After the warranty period expiry, service work will be carried out on an hourly basis at the ruling rates at the time. Goods returned to our factory for service or repair must be sent with a delivery docket, a report detailing the nature of the fault and a relevant person to contact. Any costs incurred in the way of delivery charges will be met by the client.
The Company may at any time sub-contract the manufacture or supply of any goods or services to be supplied to the purchaser.
The Company accepts no responsibility for any patent infringements or any claims for payment of royalties for goods suppled to the purchaser, such goods having been designed to the purchaser's general specification. Goods are supplied under the understanding that any relevant permits or licences have been obtained by the purchaser.
Without limiting any other rights the company may have, if;
• The Buyer fails to pay any amount owing to the company when it is due;
• Any step is taken to enter into any arrangement between the buyer and its creditors;
• The Buyer ceases to be able to pay its debts as and when they become due or to carry on business; or
• Any step is taken to appoint a receiver, receiver and manager, trustee in bankruptcy, liquidator, provisional liquidator or like person of the whole or part of the Buyer's assets or business.
The company may:
• Require the Buyer to pay immediately all amounts invoiced but not yet paid by the company;
• Require the Buyer to pay in advance of or on delivery; or
• Suspend or cease supplying goods to the Buyer, whether or not the buyer has ordered goods that have not yet been supplied.

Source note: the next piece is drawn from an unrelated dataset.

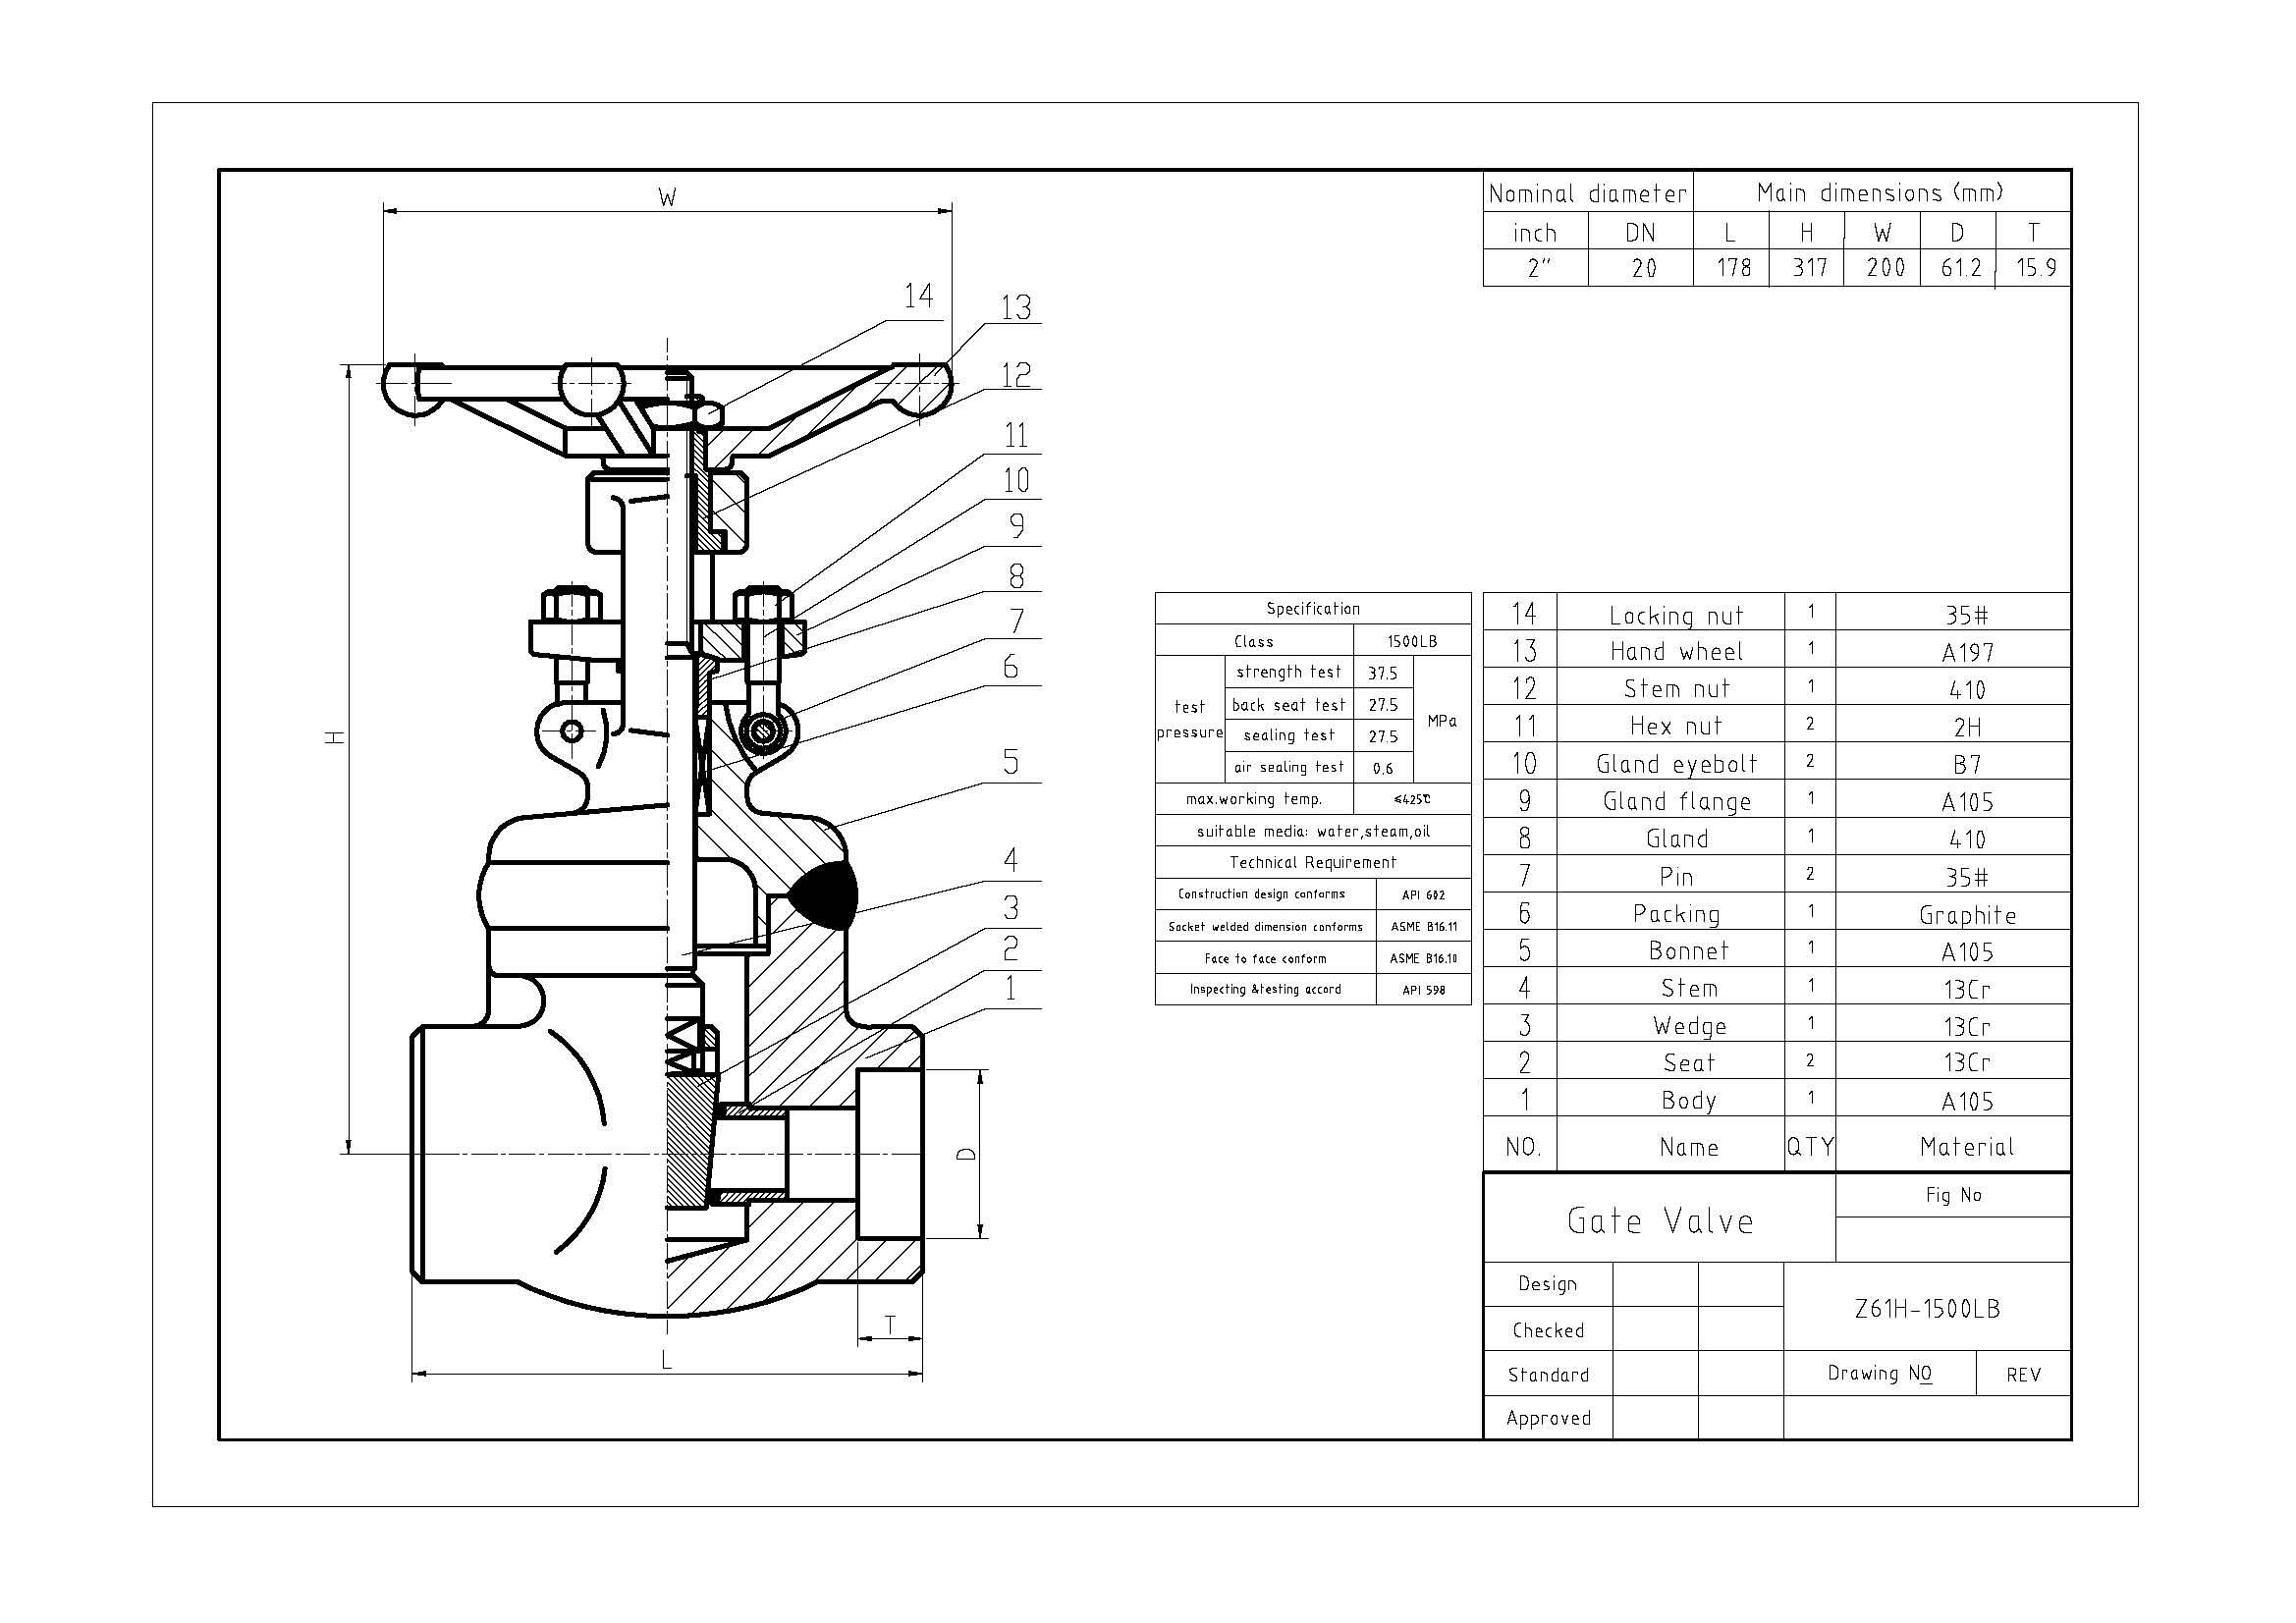 Lb Forged Steel Weld Bonnet Gate Valve A105n Body Dn50

. Risk in goods passed to the Buyer on the Delivery.
a. Despite delivery or the passing of risk, ownership of goods remains with the company until the company has received full payment for the goods.
b. The Buyer has the right to re-sell the goods. The sale must be made in the ordinary course of the Buyer's business.
c. The company shall at all times be entitled to enter any premises believed to be occupied by the Buyer and recover any goods sold at any time by the company to the Buyer to which title has not yet passed.